Sometimes his letters were filled with tenderness, at other times the tone was tough. In November 1909, for example, he wrote: “As to your father, I never doubted your love . . . but I still think you hate all his political ideas, to which he gave his life and his genius.” And also: “Having to live among stupid people, you have adopted all their stupid imbecilic ideas, and deserted your father’s noble political ideas.” But two months earlier, he had written:
I think of you constantly again and again, put myself to sleep thinking of you, fancying myself married to you, and both of us young, picturing to myself what you would say and do and what we would say to each other . . . I love you every way. I think I love you best when you are cross.
And having enclosed a sketch, he wrote:
Here you are as I think of you when I fancy myself married to you. You look a little timid. You are just entering the bridal chamber . . . How nice you look, the big crinoline and the white drawers peeping underneath and the wide-eyed seriousness . . . I wish so much you would never doubt yourself, or your power over me.
And two months later: “You are a prude, although your heart is as hot as a coal of fire.”
Some of his letters dealt with their little arguments:
I have always known you to have intellect and to be your father’s daughter . . . and I try to make my letters intellectual, thinking to interest you, and yet you always treat me as if I was insulting you, which is early Victorian with a vengeance.
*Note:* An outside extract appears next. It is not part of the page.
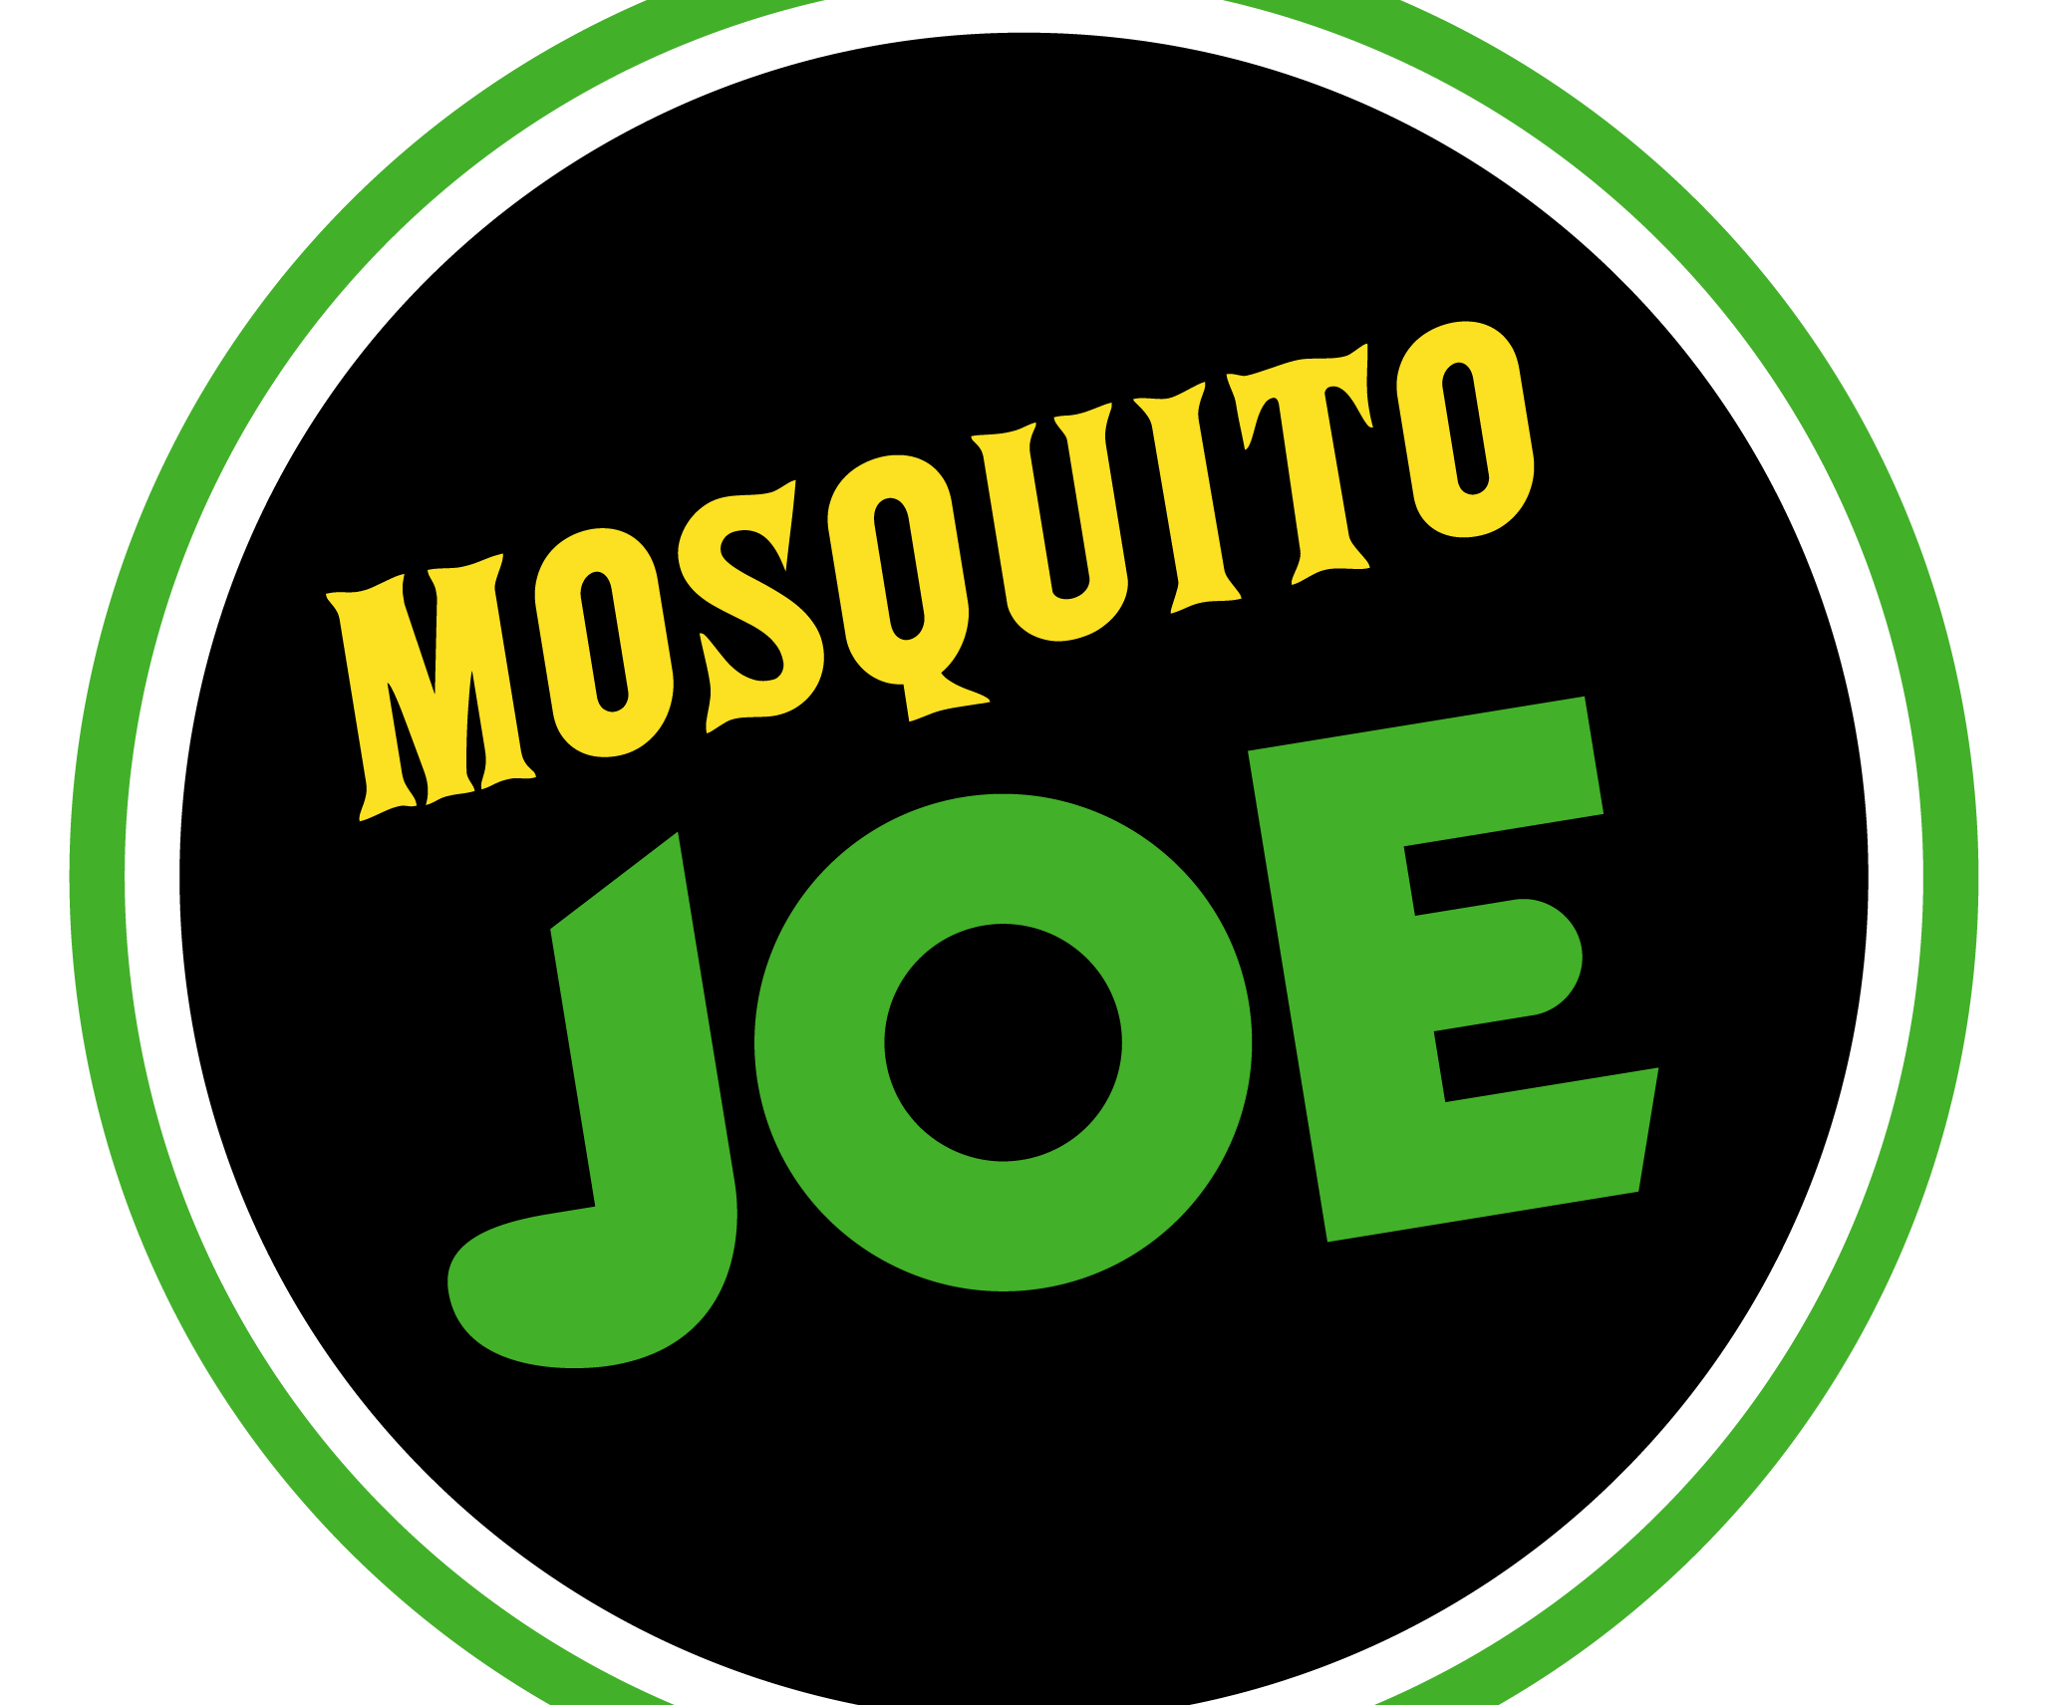 https://noco.mosquitojoe.com/

I sometimes try to make them amusing and there also I fail.
Two months later: “You in Dublin among the people you like and who like you but make you hard-hearted towards everything I like, so that I am afraid that I might say something in my letter that may be quite out of tune with your ideas.”
Whatever had happened between them in Dublin when they had been alone in his studio continued to interest him: “I am always so glad you think about the studio. I am always thinking of it, and I know we both love to think of it,” he wrote in February 1910. And then the following month: “I wish you would try and shock me . . . I once had a chance with you and my courage failed, but if ever again I get a chance my courage won’t fail.” And five days later: “Merely to think and dream of kissing you throws all my senses into delirium, like a thirsty man who sees a vision of a lake.” And then the following month: “There are so many things I want to say to you, things that could only be spoken and that I think would only be said between a man and a woman in the sort of intimacy that arises between a man and a woman who love and trust each other.”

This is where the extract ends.